Why is an eggcorn referred to by such an unusual name?
It’s a reasonable question, especially when you consider that most people have probably never heard the odd little term.
First things first, however.
What is an eggcorn?
The easiest way to explain it is to describe a word or phrase that is incorrect because of a mishearing or misinterpretation of the spoken word.
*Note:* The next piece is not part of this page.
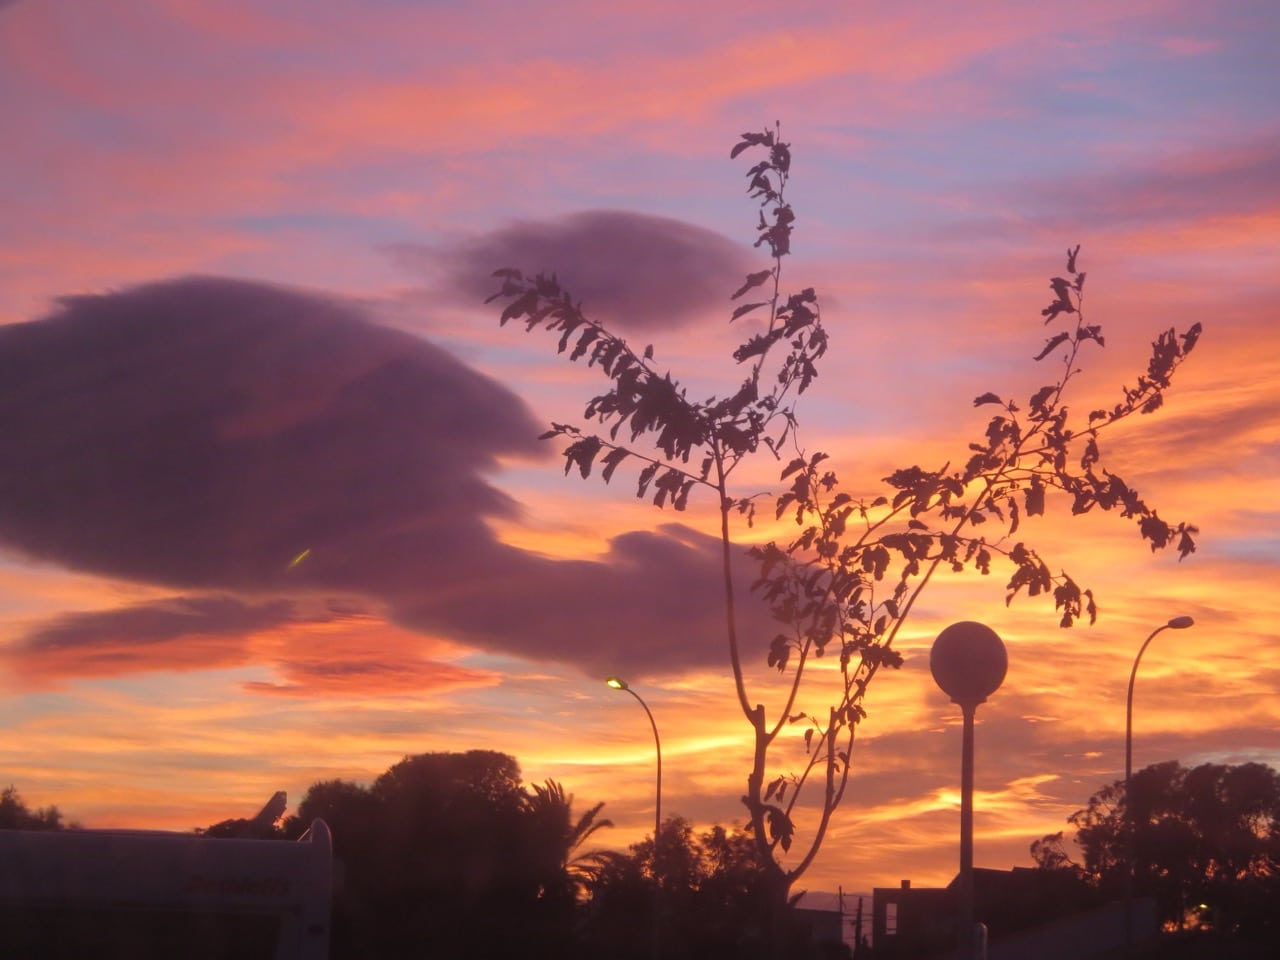 Ein roter Abendhimmel, im Vordergrund ein kleiner Baum
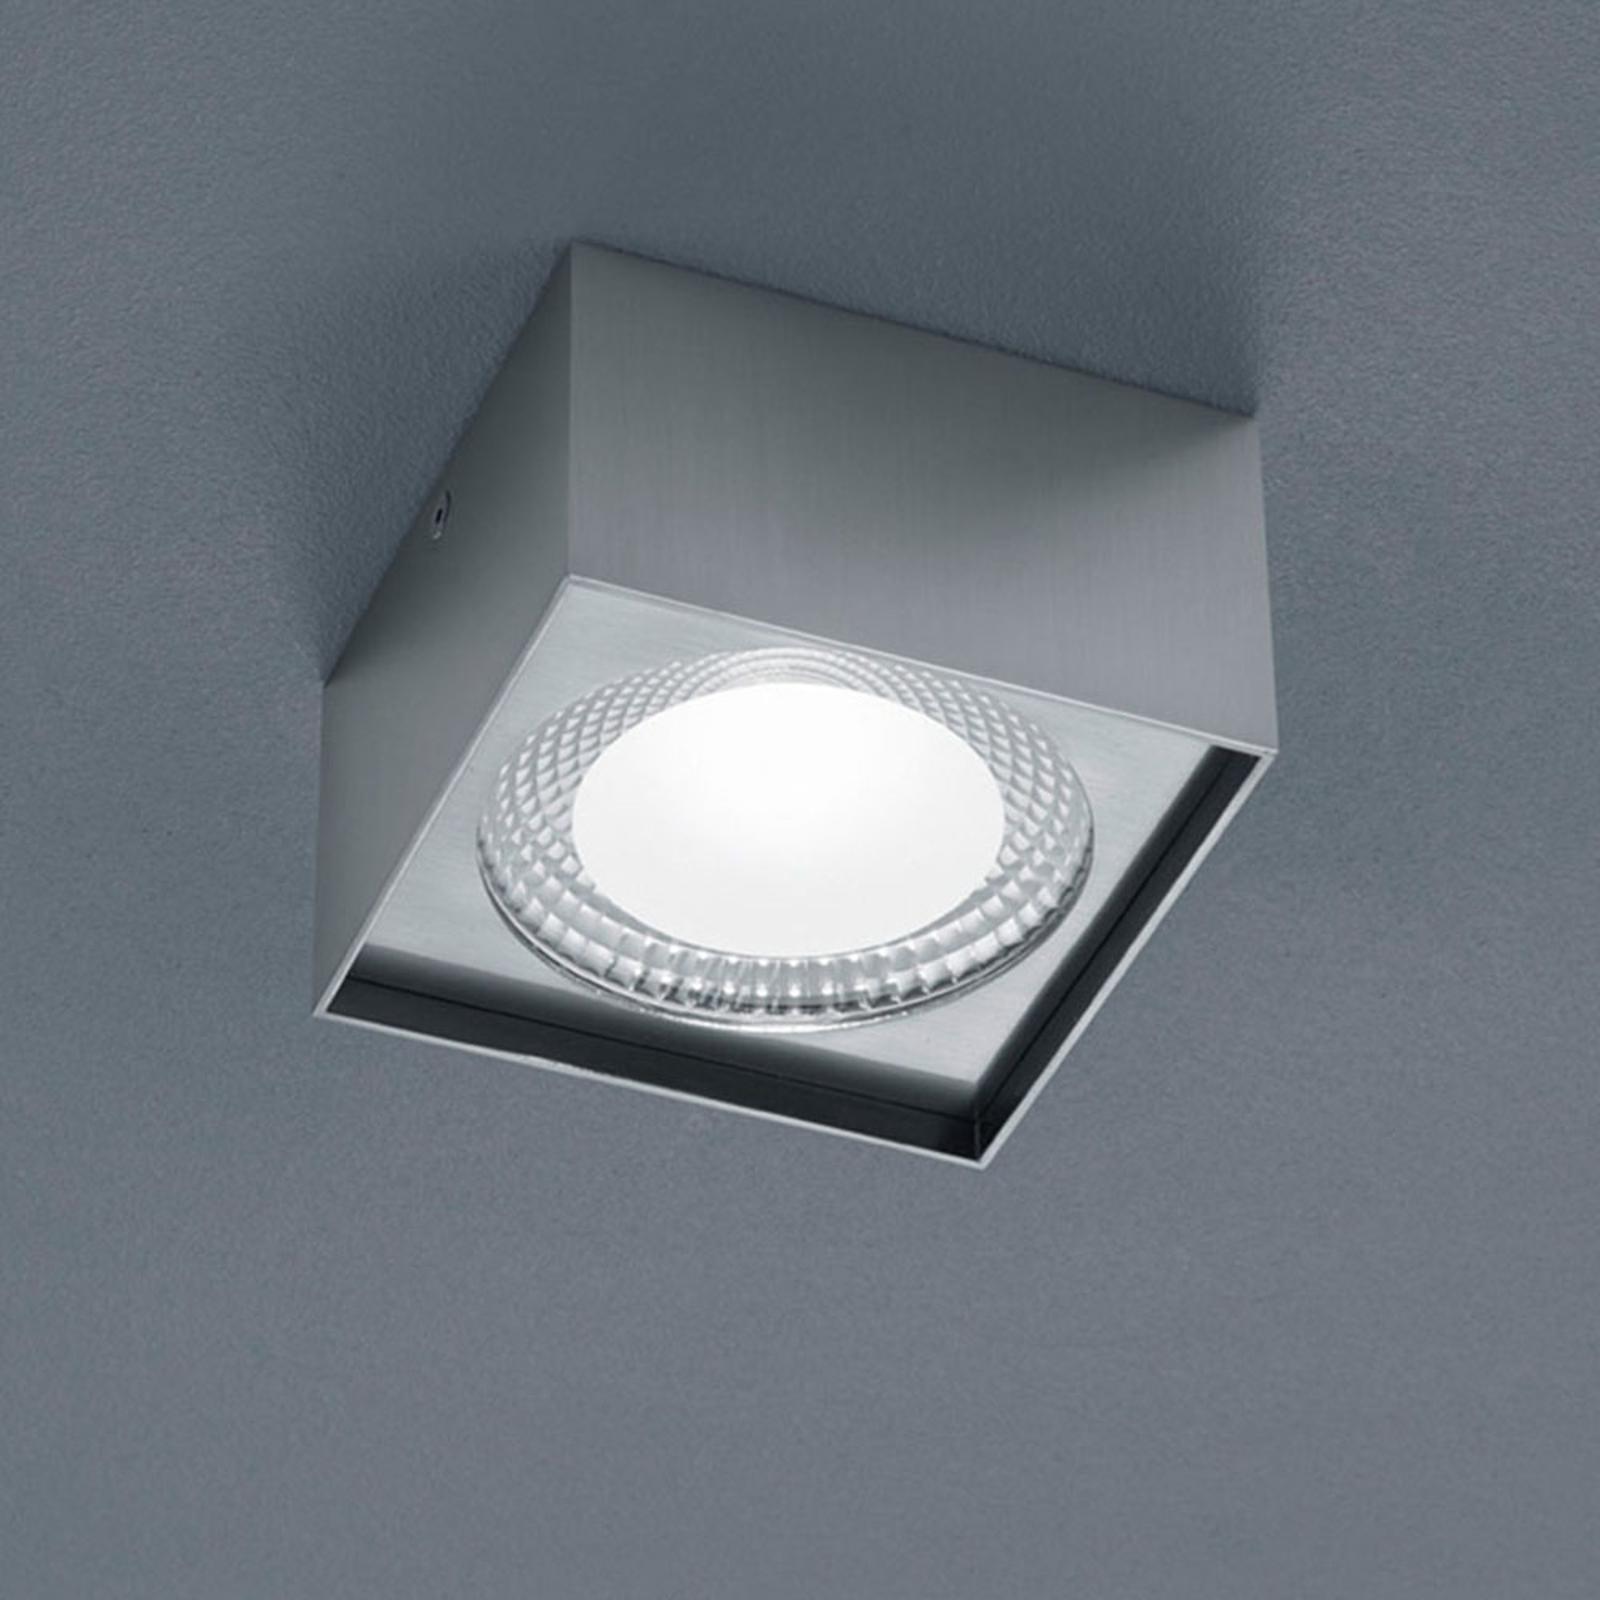 Helestra Kari LED plafondlamp, hoekig, nikkel

The ears, after all, are probably our least efficient method of receiving information.
Examples include phrases like “tow the line” instead of “toe the line” or “for all intensive purposes” instead of “for all intents and purposes” or single words like “coldslaw” instead of “coleslaw.”
Each, in its own way, can sound perfectly logical at the moment it is said or written, but under tougher scrutiny, we begin to see the eggcorn unravel.
The most recent example I posted here was the incorrect phrase “pass mustard” that some people erroneously use when they actually mean to say “pass muster.”
Where the name came from
The word came from a specific instance of an eggcorn. You see, an eggcorn actually is one.
In response to a post by Mark Liberman on the Language Log website about a woman who substituted the word “egg corn” for “acorn,” a linguistics professor named Geoffrey Pullum suggested this made-up word become the name for all such gaffes, according to Wikipedia.
So an example of the problem became the name of the problem. You have to love the irony of that.
I’m just not sure why anyone would actually call an acorn an “eggcorn” and think that’s correct. But maybe that’s just me.